TarInfo     2040     +1000
TarInfo     3040     +1000
TarInfo     4040     +1000
TarInfo     5040     +1000
TarInfo     6040     +1000
TarInfo     7040     +1000
TarInfo     8040     +1000
TarInfo     9040     +1000
TarInfo    10040     +1000
TarInfo    11040     +1000
TarInfo    12040     +1000

This pattern persists until all 30,000 files are processed.

To further investigate, I removed the lines responsible for creating streams and processing them. Surprisingly, the memory usage did not change - indicating a leakage of TarInfo instances.

This issue occurs across multiple operating systems including Ubuntu, OS X, and Windows, while using Python version 3.4.1.

Answer №1

It appears that this behavior is intentional. The TarFile object stores all the TarInfo objects it contains in a `members` attribute. Every time you call the next function, the extracted TarInfo object is added to this list:

def next(self):
    """Return the next member of the archive as a TarInfo object, when
       TarFile is opened for reading. Return None if there is no more
       available.
    """
    self._check("ra")
    if self.firstmember is not None:
        m = self.firstmember
        self.firstmember = None
        return m

    # Read the next block.
    self.fileobj.seek(self.offset)
    tarinfo = None
    ... <snip>

    if tarinfo is not None:
        self.members.append(tarinfo)  # <-- the TarInfo instance is added to members

The members list will continue to grow with each extraction operation. While this functionality may be useful for methods like getmembers and getmember, it can be cumbersome in specific scenarios. One workaround suggested is to clear the members attribute while iterating through the items (as recommended here):

with tarfile.open(...) as tar:
    while True:
        next = tar.next()
        stream = tar.extractfile(next)
        process_stream()
        iter+=1
        tar.members = []  # Clear members list
        if not iter%1000:
            objgraph.show_growth(limit=10)

Similar questions

If you have not found the answer to your question or you are interested in this topic, then look at other similar questions below or use the search

Running a .py file in IDLE from a folder separate from the Python installation location: How to do it?

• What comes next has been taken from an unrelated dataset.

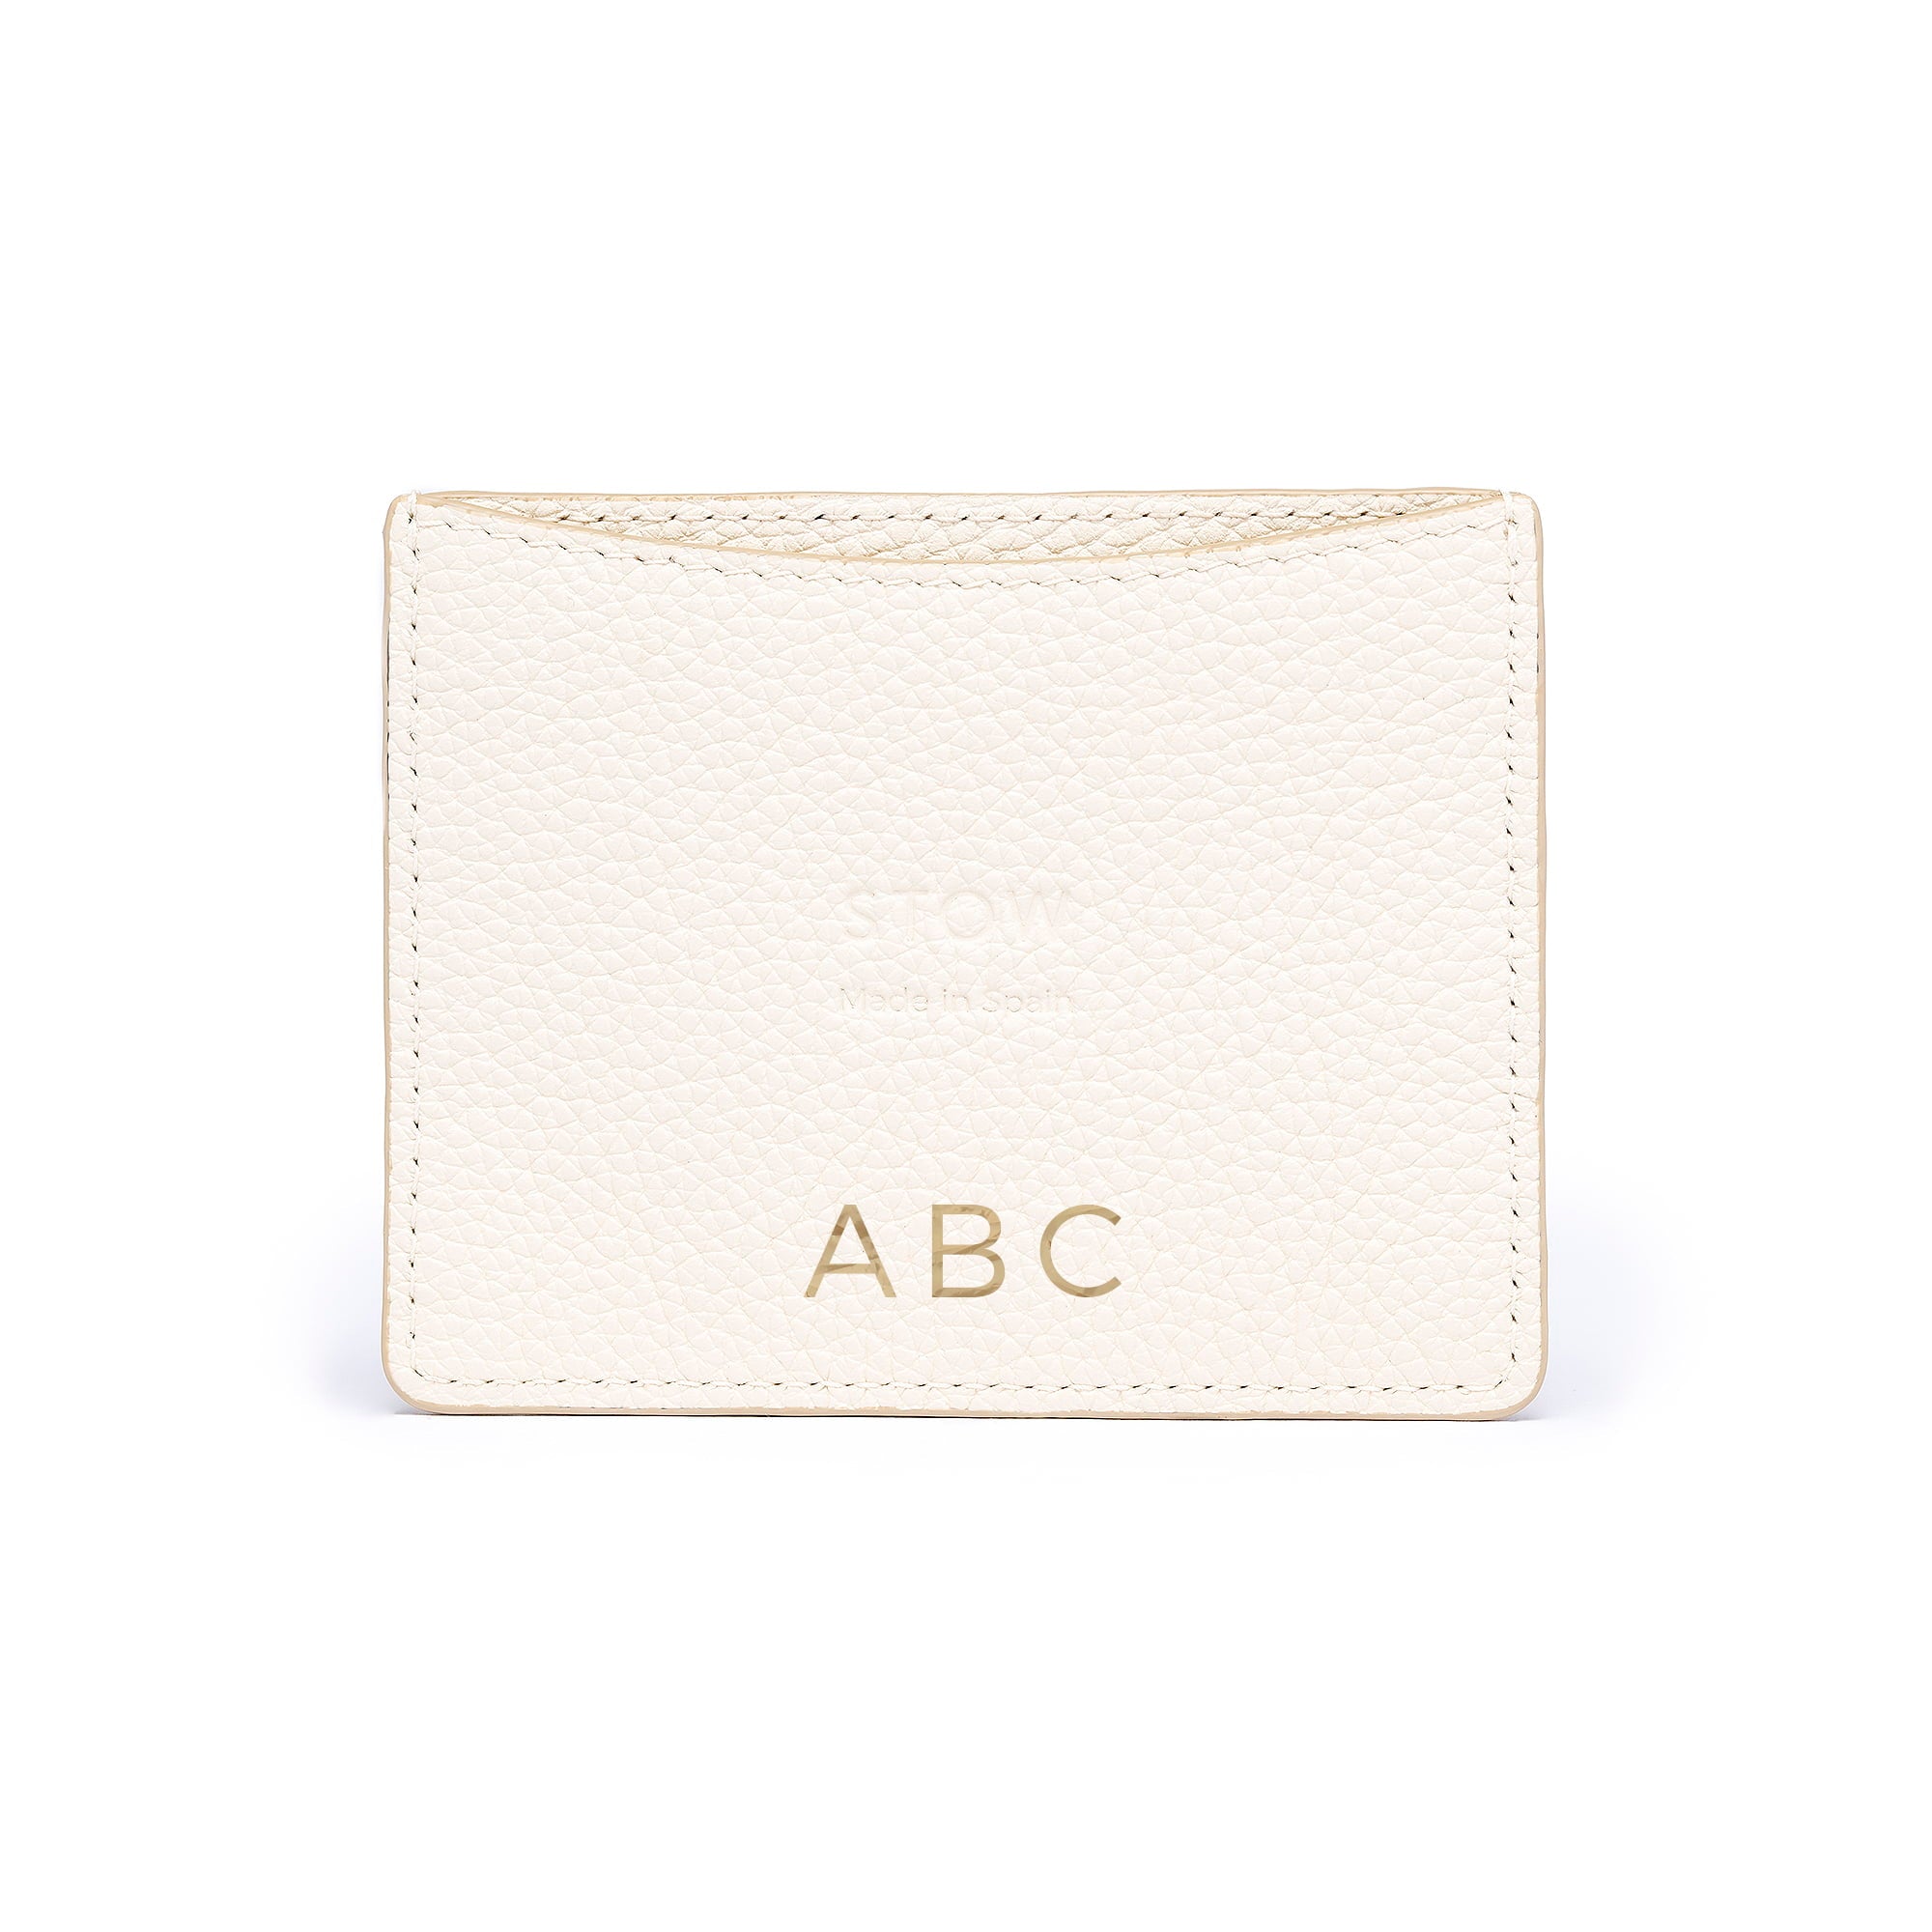 STOW Leather Cardholder in Spring Moon colour with personalised initials.

Wanting to execute a .py script using IDLE from a different folder located at D:\Python\Practice while Python is installed in C:\Python. I attempted to switch the directory to D:\Python\Practice where the script resides using the ...

Reorganize a dataset using suffix in Python

I am seeking guidance on how to transform a dataframe by grouping data based on the suffix of the X column. X Y a_1 12 b_1 20 c_1 30 a_2 2 b_2 56 c_2 70 d_2 2 The desired output should be: _1 _2 a 12 2 b 20 56 c 30 70 d 0 ...

Unsuccessful conversion of JSON data to HTML using json2html in Python

I have been experimenting with converting JSON data to HTML using json2html. The JSON data structure I am working with is as follows: json_obj = [{"Agent Status": "status1", "Last backup": "", "hostId": 1234567, "hostfqdn": "test1.example.com", "username" ...

Python 3: The list encounters a cycle of indices after passing index 47 with over 100 elements. What is the reason behind this behavior and how can it

Here's a function that calculates the nth prime number. I'm aware it's not the most efficient method, especially since I'm relatively new to coding. Despite this, the code below does work and will return the prime number at the specifie ...

Help with selenium web scraping

In the month of June, I came across a question on assistance needed to scrape a website using Selenium in Python. Having tried the code back then and running into issues now, it seems like there might have been some changes to the site being scraped. The ...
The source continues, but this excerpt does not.